Frank Tumpale Mwenifumbo

BLANTYRE-(MaraviPost)—As the Karonga Central Constituency is increasingly becoming a boiling pot of emotions ahead of the by-elections, UTM candidate Frank Mwenifumbo has bemoaned lack of support from his party while his counterpart Leonard Mwalwanda is enjoying plenty support from the ruling Malawi Congress Party (MCP) and Citizens For Transformation (CFT), a political movement that was founded by Minister of Civic Education and National Unity Timothy Mtambo.

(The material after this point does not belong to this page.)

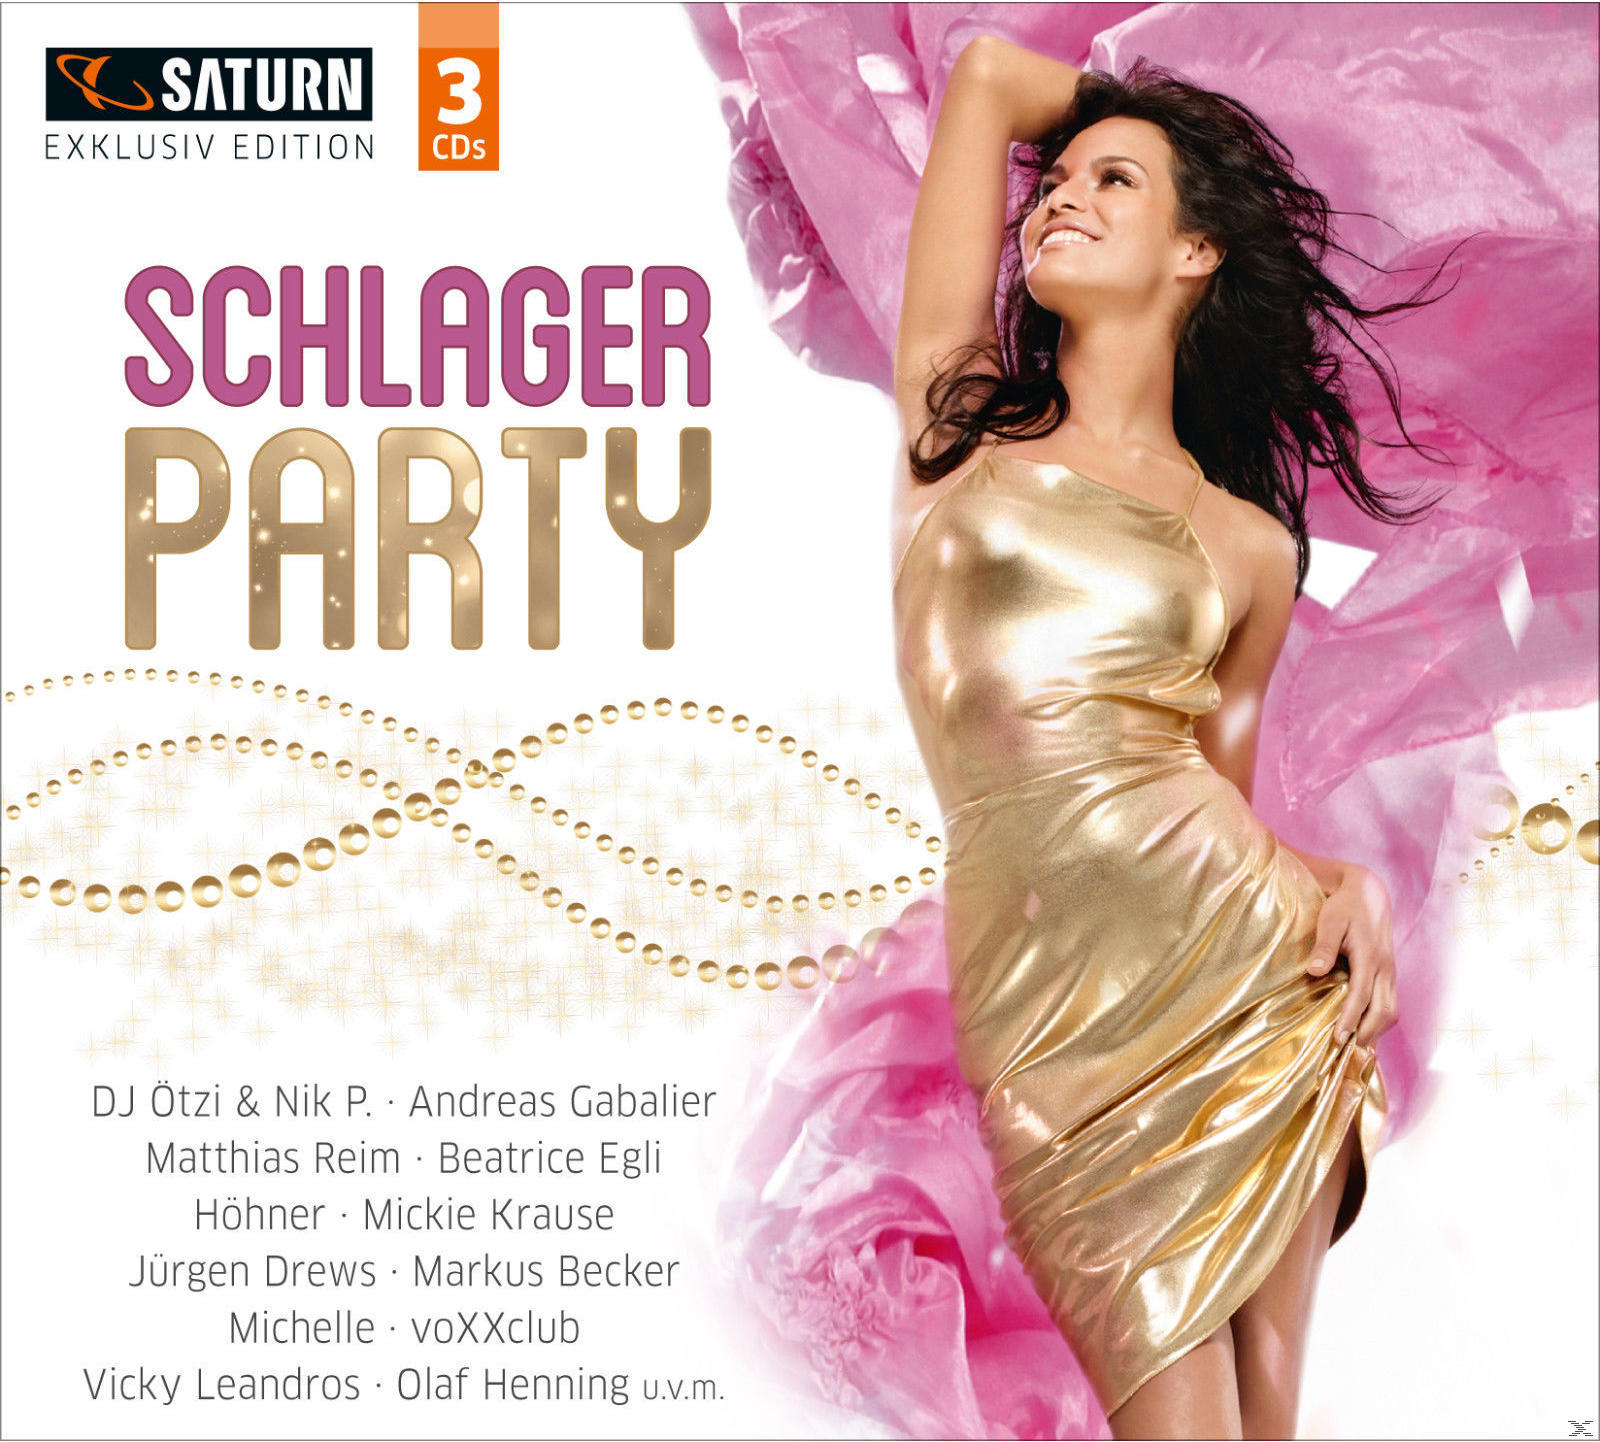 VARIOUS - Schlager Party (CD) (Saturn - Exclusiv)

Mwenefumbo, whose bid for the seat has enjoyed support from the Minister of Tourism who is also Vice President of UTM, has claimed that he is doing the campaign on his own without any support from his party.

Other UTM officials who visited Karonga Central to drum support for Mwenefumbo include. Patricia Kaliati, who is the Minister of Gender and former First Lady, Callister Mutharika, a high ranking official in the UTM.

Mwenefumbo has made the allegations while admiring his counterpart, Leonard Mwalwanda, who is receiving effective support from MCP and CFT officials.

“That’s what it costs when you compete with an opponent financed and backed by tax payers. At least it should bother every Malawian to ask the question why on earth expensive cars are rolling all the way from Capital Hill to campain for particular candidate using public funds/tax payers money.

“I am using my private resources and I am not answerable to anyone,” ranted Mwenifumbo on social media.

Mwenefumbo’s outcries have emerged following MEC’s released voter registration statistics in the Constituency whereby his base, Mwenilondo, has emerged with 1, 948 registered voters against Mwalwanda’s base, Mlale, which has recorded 8,307. The third polling centre, Lupembe, has recorded 5,927 registered voters and is considered a no man’s zone where support sways from side to side over the years.

The seat fell vacant following the death of Cornelius Mwalwanda of Malawi Congress Party.

During the 2014 Tripartite Elections, Mwenilondo area in Karonga Central Constituency was nicknamed Benghazi following frequent clashes between supporters of Frank Tumpale Mwenifumbo and late Cornelius Mwalwanda.

Libya’s second populous city of Benghazi became infamous across the world for the killing of US Ambassador to Libya Christopher Stevens on September 11, 2012 in a terrorist attack.